__Work required__
Could you reproduce the lines below from the one with "maroon wool slim fit pants" through the one with "Kidney Bohnen naturell - Bio - Produkt"? Keep both ends and add nothing.

Data entries
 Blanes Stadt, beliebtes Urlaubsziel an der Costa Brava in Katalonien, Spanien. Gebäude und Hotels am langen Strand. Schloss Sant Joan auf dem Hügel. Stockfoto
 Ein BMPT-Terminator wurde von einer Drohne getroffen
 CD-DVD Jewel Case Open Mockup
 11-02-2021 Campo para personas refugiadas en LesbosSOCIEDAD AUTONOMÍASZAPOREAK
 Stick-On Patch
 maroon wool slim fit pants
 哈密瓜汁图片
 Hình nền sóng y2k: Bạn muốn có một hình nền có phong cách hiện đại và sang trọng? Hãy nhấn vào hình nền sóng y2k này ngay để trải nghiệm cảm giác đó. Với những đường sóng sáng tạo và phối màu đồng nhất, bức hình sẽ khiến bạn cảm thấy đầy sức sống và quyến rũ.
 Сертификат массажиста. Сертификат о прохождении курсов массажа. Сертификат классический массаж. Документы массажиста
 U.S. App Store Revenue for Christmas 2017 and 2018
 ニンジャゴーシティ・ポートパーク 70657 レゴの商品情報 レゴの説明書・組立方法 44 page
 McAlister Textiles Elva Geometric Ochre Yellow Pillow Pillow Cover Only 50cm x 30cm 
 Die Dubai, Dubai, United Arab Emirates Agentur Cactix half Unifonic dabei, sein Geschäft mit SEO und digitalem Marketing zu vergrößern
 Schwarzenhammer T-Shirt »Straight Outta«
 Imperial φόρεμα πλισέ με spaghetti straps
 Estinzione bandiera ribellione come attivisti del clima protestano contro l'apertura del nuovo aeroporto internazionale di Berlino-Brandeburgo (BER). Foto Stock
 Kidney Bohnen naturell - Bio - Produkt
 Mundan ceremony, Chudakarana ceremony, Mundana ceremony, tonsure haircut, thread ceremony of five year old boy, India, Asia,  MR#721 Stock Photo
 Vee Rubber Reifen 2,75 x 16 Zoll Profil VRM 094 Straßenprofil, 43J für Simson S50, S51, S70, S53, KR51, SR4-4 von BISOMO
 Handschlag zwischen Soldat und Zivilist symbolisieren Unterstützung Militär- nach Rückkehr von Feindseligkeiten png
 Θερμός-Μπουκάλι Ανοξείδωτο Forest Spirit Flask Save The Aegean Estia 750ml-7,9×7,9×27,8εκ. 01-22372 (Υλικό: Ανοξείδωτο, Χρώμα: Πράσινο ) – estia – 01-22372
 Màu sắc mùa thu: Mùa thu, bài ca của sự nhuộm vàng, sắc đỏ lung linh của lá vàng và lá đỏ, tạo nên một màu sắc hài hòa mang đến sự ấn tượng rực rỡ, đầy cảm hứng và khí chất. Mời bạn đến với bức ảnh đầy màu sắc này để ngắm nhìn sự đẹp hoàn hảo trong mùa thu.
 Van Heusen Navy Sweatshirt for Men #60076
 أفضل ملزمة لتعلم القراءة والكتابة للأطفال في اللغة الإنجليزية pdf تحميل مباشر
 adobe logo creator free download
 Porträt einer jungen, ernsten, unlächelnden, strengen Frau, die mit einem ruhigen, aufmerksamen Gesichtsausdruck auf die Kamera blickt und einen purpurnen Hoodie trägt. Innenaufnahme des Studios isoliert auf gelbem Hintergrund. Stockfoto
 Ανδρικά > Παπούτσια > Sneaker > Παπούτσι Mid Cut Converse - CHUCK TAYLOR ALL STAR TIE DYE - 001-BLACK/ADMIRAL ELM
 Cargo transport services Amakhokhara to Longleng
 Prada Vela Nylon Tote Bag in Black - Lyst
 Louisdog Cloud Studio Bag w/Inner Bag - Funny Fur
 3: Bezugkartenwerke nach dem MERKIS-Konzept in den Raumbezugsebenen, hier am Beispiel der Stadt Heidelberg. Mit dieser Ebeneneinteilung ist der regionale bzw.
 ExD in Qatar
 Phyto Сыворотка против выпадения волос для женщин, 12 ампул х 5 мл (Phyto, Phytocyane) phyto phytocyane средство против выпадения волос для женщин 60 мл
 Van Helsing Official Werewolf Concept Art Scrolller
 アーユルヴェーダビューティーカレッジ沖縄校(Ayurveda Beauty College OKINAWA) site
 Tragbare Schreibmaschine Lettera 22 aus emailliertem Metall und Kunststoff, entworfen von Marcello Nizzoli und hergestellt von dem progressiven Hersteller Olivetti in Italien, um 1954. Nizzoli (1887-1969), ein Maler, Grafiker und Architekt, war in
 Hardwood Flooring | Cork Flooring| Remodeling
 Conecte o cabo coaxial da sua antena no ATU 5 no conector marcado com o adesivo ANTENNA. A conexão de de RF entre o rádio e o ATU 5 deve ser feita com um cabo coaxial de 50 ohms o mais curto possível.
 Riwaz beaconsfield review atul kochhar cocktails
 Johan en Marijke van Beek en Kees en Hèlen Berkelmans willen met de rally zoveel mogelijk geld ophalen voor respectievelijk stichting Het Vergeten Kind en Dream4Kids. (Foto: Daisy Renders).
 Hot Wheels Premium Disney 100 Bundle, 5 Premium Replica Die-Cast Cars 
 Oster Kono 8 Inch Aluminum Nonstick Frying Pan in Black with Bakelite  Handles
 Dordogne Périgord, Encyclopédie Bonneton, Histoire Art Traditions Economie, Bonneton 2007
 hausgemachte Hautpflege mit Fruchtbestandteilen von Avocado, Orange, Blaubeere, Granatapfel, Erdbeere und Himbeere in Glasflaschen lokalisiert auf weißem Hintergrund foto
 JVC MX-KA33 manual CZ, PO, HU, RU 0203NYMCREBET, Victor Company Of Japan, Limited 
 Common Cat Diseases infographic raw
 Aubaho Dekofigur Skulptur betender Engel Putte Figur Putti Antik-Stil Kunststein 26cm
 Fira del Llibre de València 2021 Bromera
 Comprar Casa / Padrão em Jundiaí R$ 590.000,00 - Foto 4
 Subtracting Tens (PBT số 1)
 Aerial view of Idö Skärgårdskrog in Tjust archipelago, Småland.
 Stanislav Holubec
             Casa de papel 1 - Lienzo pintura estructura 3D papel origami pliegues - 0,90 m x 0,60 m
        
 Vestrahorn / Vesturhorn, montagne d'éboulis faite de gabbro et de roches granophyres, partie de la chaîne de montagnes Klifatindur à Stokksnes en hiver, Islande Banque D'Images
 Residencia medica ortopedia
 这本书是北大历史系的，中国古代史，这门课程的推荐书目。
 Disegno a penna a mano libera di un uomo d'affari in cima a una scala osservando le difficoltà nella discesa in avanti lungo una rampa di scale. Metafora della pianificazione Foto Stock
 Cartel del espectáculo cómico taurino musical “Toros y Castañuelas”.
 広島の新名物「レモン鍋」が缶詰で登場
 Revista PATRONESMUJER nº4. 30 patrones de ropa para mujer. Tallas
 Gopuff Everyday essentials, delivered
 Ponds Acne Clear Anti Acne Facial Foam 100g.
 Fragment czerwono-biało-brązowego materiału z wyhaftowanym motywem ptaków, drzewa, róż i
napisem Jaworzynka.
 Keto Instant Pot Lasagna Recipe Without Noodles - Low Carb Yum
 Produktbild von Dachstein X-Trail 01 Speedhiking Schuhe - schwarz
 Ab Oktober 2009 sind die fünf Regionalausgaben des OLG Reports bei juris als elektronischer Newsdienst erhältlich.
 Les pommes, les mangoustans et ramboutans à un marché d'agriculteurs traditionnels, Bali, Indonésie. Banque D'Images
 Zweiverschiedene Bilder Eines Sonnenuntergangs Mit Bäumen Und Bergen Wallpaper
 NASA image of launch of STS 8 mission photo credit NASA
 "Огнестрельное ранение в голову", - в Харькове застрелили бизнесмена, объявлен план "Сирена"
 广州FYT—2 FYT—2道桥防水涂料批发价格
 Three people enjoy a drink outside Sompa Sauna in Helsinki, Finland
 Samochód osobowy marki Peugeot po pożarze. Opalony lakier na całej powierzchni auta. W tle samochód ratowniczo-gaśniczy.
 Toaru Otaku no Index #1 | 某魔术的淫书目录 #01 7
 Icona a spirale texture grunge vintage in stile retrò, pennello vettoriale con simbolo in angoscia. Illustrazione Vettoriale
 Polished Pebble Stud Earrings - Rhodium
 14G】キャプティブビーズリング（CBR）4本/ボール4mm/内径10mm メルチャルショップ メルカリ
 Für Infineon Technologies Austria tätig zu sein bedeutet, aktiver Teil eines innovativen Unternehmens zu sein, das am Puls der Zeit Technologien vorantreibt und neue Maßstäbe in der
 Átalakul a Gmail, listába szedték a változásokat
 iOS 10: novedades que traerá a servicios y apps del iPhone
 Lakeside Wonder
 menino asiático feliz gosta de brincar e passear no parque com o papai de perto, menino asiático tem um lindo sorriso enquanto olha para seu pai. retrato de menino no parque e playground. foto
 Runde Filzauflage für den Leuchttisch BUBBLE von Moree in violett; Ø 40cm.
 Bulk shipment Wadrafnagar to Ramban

__Output of the task__
 maroon wool slim fit pants
 哈密瓜汁图片
 Hình nền sóng y2k: Bạn muốn có một hình nền có phong cách hiện đại và sang trọng? Hãy nhấn vào hình nền sóng y2k này ngay để trải nghiệm cảm giác đó. Với những đường sóng sáng tạo và phối màu đồng nhất, bức hình sẽ khiến bạn cảm thấy đầy sức sống và quyến rũ.
 Сертификат массажиста. Сертификат о прохождении курсов массажа. Сертификат классический массаж. Документы массажиста
 U.S. App Store Revenue for Christmas 2017 and 2018
 ニンジャゴーシティ・ポートパーク 70657 レゴの商品情報 レゴの説明書・組立方法 44 page
 McAlister Textiles Elva Geometric Ochre Yellow Pillow Pillow Cover Only 50cm x 30cm 
 Die Dubai, Dubai, United Arab Emirates Agentur Cactix half Unifonic dabei, sein Geschäft mit SEO und digitalem Marketing zu vergrößern
 Schwarzenhammer T-Shirt »Straight Outta«
 Imperial φόρεμα πλισέ με spaghetti straps
 Estinzione bandiera ribellione come attivisti del clima protestano contro l'apertura del nuovo aeroporto internazionale di Berlino-Brandeburgo (BER). Foto Stock
 Kidney Bohnen naturell - Bio - Produkt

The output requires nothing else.